2.2 OVERVIEW: QUERY TRANSFORMATION 
Analysis of a query is treated as a transformation problem. The query is 
transformed from an informal language into a more formal language, the DML. The 
transformation is done in two steps: (I) the query is transformed from English into 
an internal representation and (2) the internal representation is transformed into 
a DML. The transformations are driven by a non-serial surface structure analysis. 
This analysis is supported by non-structural referants which are focused on 
recognizing the intended use of words and/or word groups. 
The use of an internal intermediate representation of the query allows the 
determination of what is the desired information to be carried out in isolation 
from the peculiarities of the target DML. Also, by keeping the initial analysis of 
the query independent of the specific DML, the mechanism that puts the query in 
standard form will not have to be changed if the system is moved to a new DBMS with 
a different DML. This allows the analysis to be partitioned into two distinct 
phases: (a) transformation of the English query into a standard form and (b) 
subsequent construction of the DML query. 
A simplified frames (Minsky, 1975) type data structure called templates is used for 
use as the target internal representation. The analysis process includes 
identification of the template which best matches the query and the filling in of 
all the information needed to complete the stereotyped question. 

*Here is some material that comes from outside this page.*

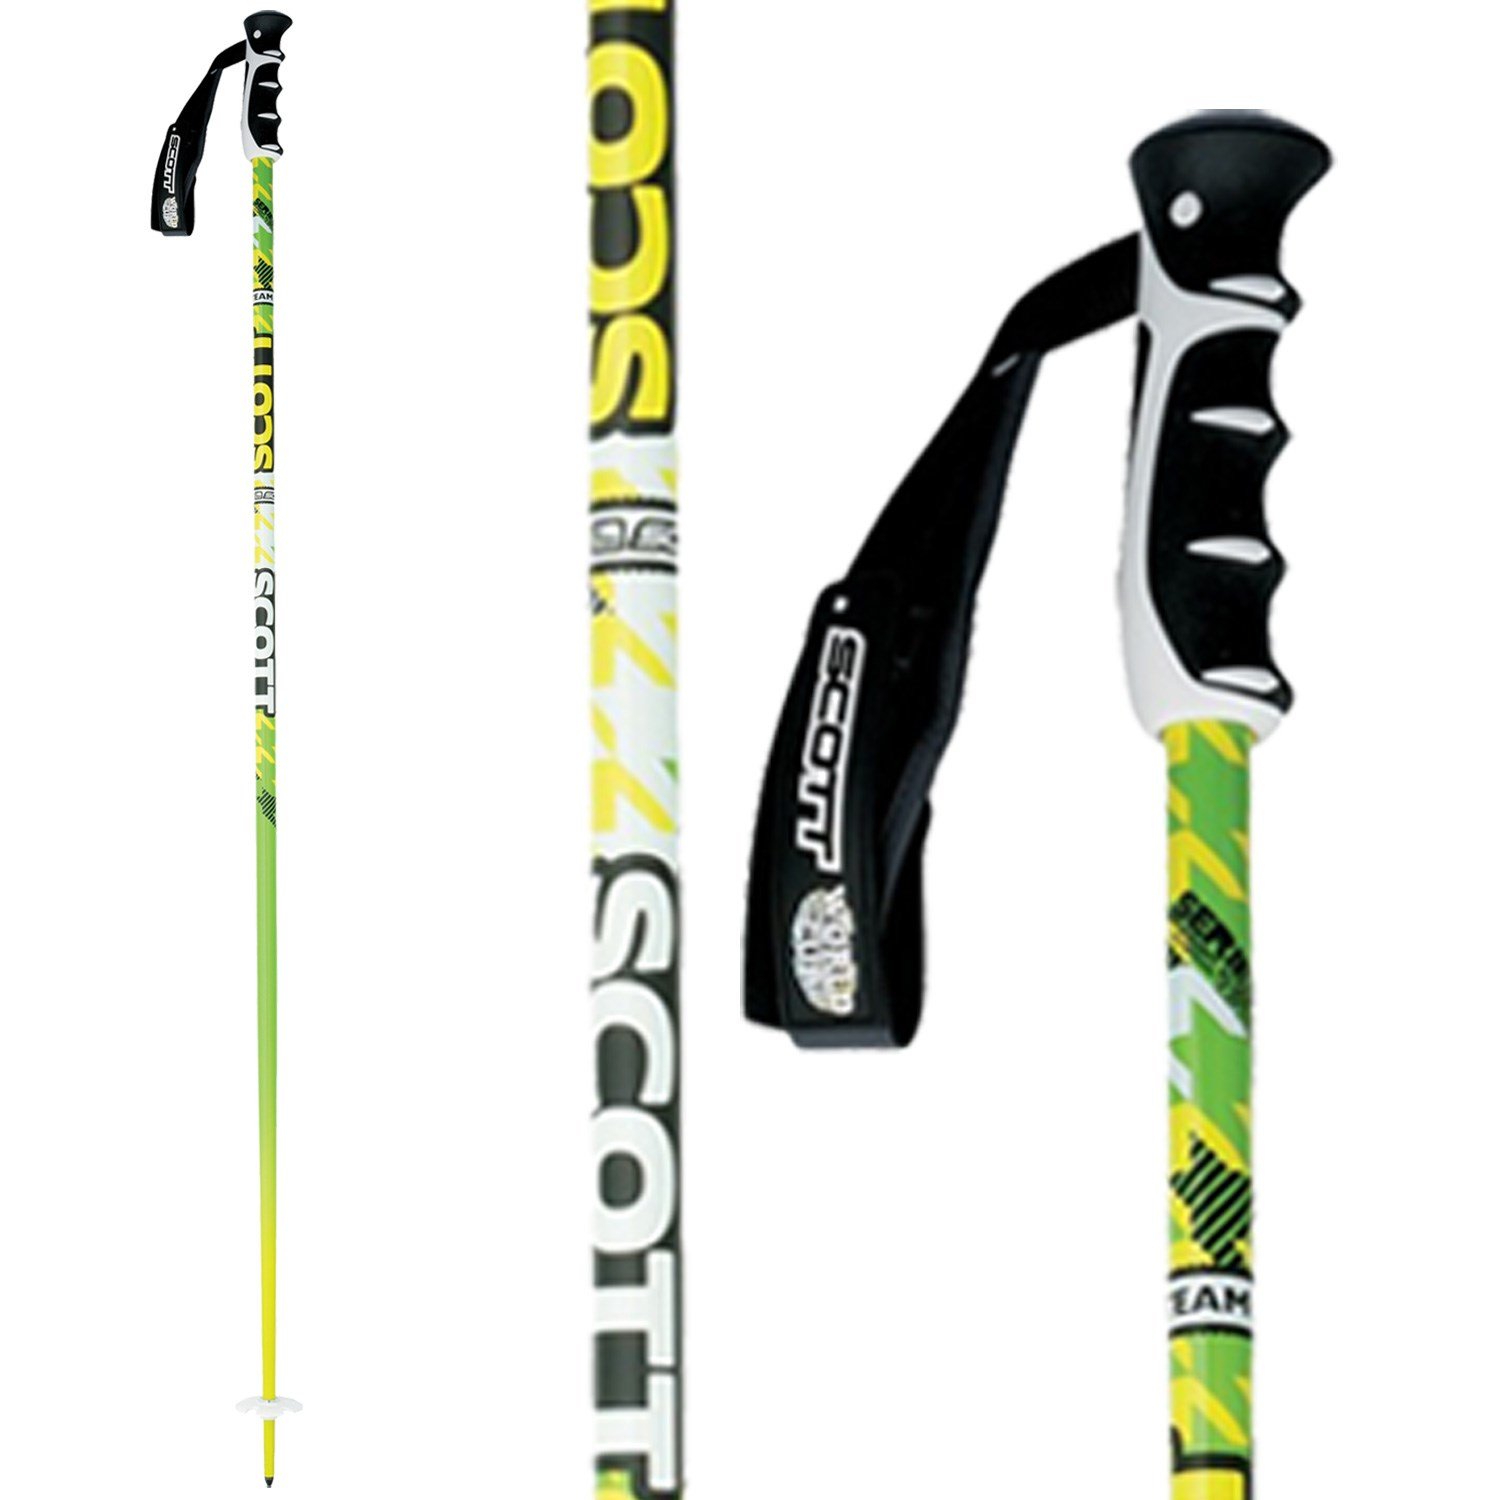 Scott Pole Rental 130 cm 203212 Ski Stöcke Aliminium NEU

2.3 OVERVIEW: THE ANALYZER 
The analyzer in the mechanism uses both syntactic and semantic information to 
transform the query into an internal representation. Syntactic sources support as 
much of the analysis as is possible. When semantic sources must be used, existing 
sources of semantic information are used. This minimizes the amount of effort that 
must be expended in developing semantic referants. After the query is in a fully 
notated template representation, control of the mechanism passes to the bridge 
coding which transforms the standard form representation of the query into a DML. 
2.4 THE BRIDGE CODE 
The bridge coding transforms the query from a completed template into the DML of 
the host DBMS. Use of the DMLs of DBMSs has several advantages that are not 
exploited in systems which develope their own access routines. First, using the 
existing DMLs reduces the amount of new software that must be produced. Second, 
existing software such as report generators etc. would not require modification. 
Lastly, the DML can continue to be used directly, without going through the natural 
language processor, for those applications, such as updating, where the use of a 
natural language system may be undesireable. 

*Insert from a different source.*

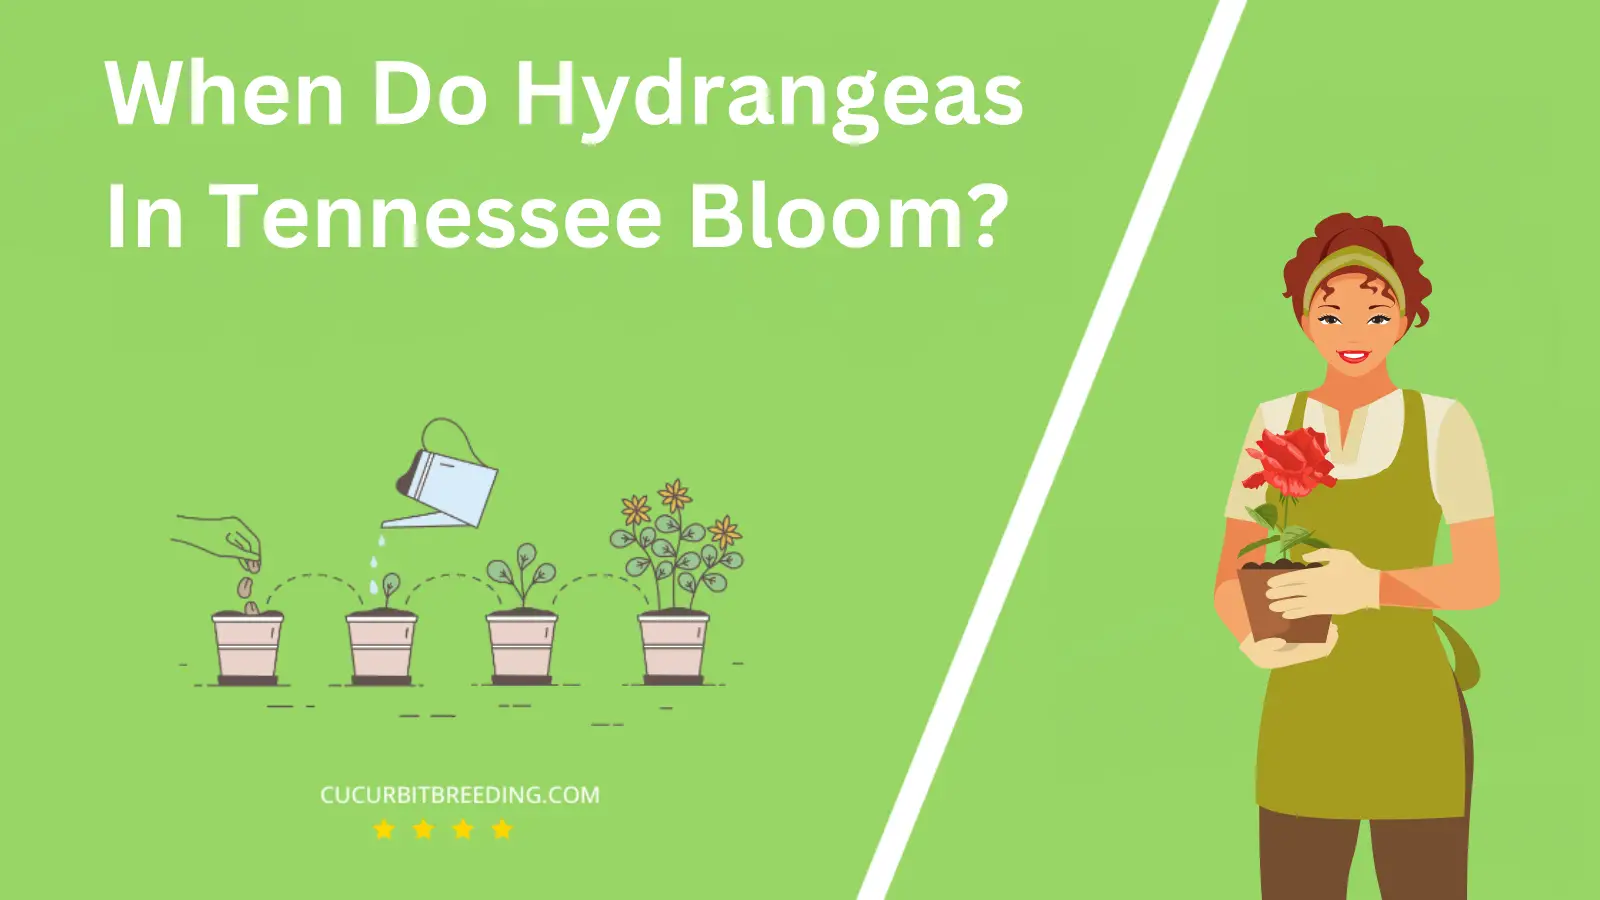 When Do Hydrangeas In Tennessee Bloom?

After the template has been converted into a DML query, control of the system 
passes to the DBMS which will evaluate the query. When the DBMS is finished the 
answer and control of the system passes to a response generator. 
210 L.J. MAZLACK and R.A. FEINAUER 
3 THE ANALYZER 
The analyzer transforms an English query into a semantically equilvalent template 
representation. The analyzer goes through four steps: a word role identifer, a 
phrase identifier, a phrase analyzer, and a template marcher. The template marcher 
is used to match template fragments to a template and to integrate the fragments 
into a single query. This approach is similar to the method used by (Wilks,1975a) 
in his preference semantics theory for general natural language processing. 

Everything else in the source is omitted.